Project-URL: Repository, https://github.com/nkaaf/ufal-whisper_streaming
Project-URL: Bug Tracker, https://github.com/nkaaf/ufal-whisper_streaming/issues
Project-URL: Releases, https://github.com/nkaaf/ufal-whisper_streaming/releases
Project-URL: Troubleshooting, https://github.com/nkaaf/ufal-whisper_streaming/discussions/1
Author-email: Niklas Kaaf <nkaaf@protonmail.com>
Maintainer-email: Niklas Kaaf <nkaaf@protonmail.com>
License-File: LICENSE
License-File: LICENSE-MIT
Keywords: audio,faster-whisper,streaming,whisper
Classifier: Development Status :: 3 - Alpha
Classifier: Environment :: GPU :: NVIDIA CUDA
Classifier: Intended Audience :: Developers
Classifier: Intended Audience :: Education
Classifier: Intended Audience :: Telecommunications Industry
Classifier: License :: OSI Approved :: Apache Software License
Classifier: License :: OSI Approved :: MIT License
Classifier: Programming Language :: Python :: 3
Classifier: Programming Language :: Python :: 3 :: Only
Classifier: Programming Language :: Python :: 3.9
Classifier: Programming Language :: Python :: 3.10
Classifier: Programming Language :: Python :: 3.11
Classifier: Programming Language :: Python :: 3.12
Classifier: Topic :: Communications
Classifier: Topic :: Multimedia :: Sound/Audio
Classifier: Topic :: Multimedia :: Sound/Audio :: Speech
Classifier: Topic :: Scientific/Engineering :: Artificial Intelligence
Requires-Python: <3.13,>=3.9
Requires-Dist: librosa
Requires-Dist: numpy
Requires-Dist: opus-fast-mosestokenizer
Requires-Dist: pyalsaaudio
Requires-Dist: websockets
Provides-Extra: all
Requires-Dist: faster-whisper==1.1.1; extra == 'all'
Requires-Dist: numpy; extra == 'all'
Provides-Extra: faster-whisper
Requires-Dist: faster-whisper==1.1.1; extra == 'faster-whisper'
Requires-Dist: numpy; extra == 'faster-whisper'
Description-Content-Type: text/markdown

# whisper-streaming

[![audit.yml](https://github.com/nkaaf/ufal-whisper_streaming/actions/workflows/audit.yml/badge.svg)](https://github.com/nkaaf/ufal-whisper_streaming/actions/workflows/audit.yml)

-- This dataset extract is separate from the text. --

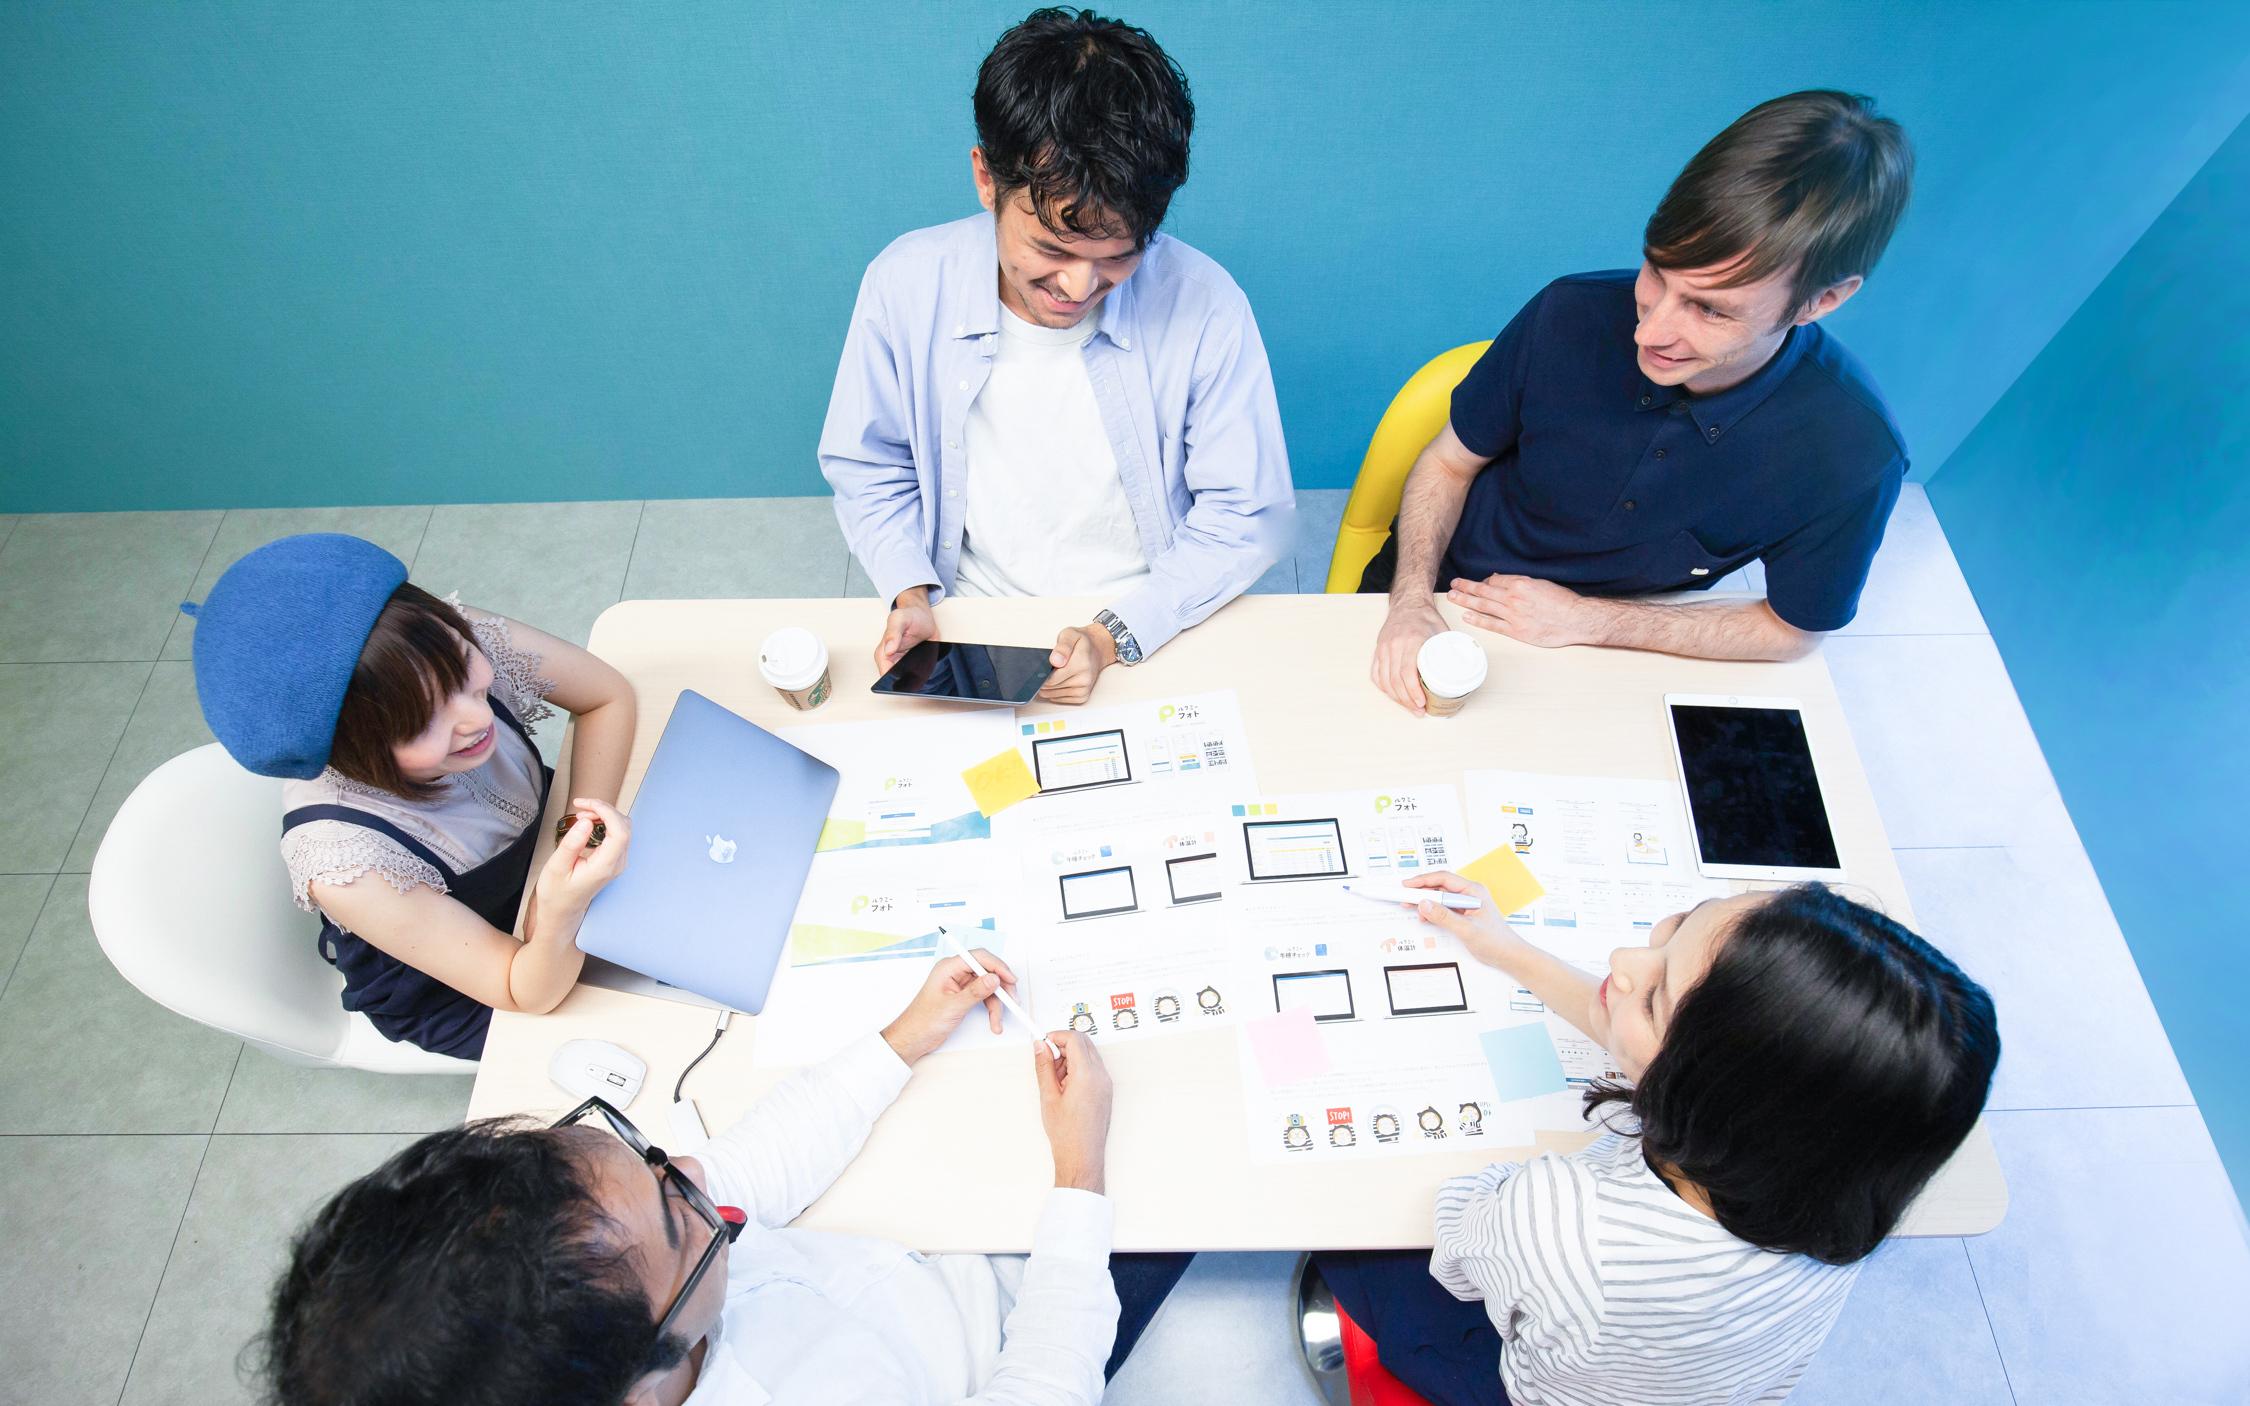 テクノロジーの力で家族をもっと豊かにしたい!インハウス・UIデザイナーを募集

Providing easy-to-use and extensible STT (Speech-To-Text) implementation with Whisper-like ASR (
Automatic Speech Recognition) models.

> [!WARNING]  
> This project is currently in Alpha State. It is probably not stable over a long time and can have
> unexpected errors. You could help to push this project out of Alpha and Beta state by testing and
> reviewing it. Thanks!

## Index

* [Appreciation](#appreciation)
* [Components](#components)
    * [Backend](#backend)
    * [Receiver](#receiver)
    * [Sender](#sender)
* [Installation](#installation)
* [Development](#development)
    * [Installation of Prerequisites](#installation-of-prerequisites)
    * [Build executables](#build-executables)
* [Documentation](#documentation)
    * [Installation of Prerequisites](#installation-of-prerequisites-1)
    * [Build](#build)
* [License](#license)
* [Appendix](#appendix)
    * [Python venv](#python-venv)
    * [Links](#links)

## Appreciation

This project is the result of a rework of the ideas and prototype implementation created
by [Dominik Macháček](https://ufal.mff.cuni.cz/dominik-machacek), [Raj Dabre](https://prajdabre.github.io/), [Ondřej Bojar](https://ufal.mff.cuni.cz/ondrej-bojar) ([Original Repository](https://github.com/ufal/whisper_streaming)).
It is neither official nor fully API- and function-compatible with its original implementation.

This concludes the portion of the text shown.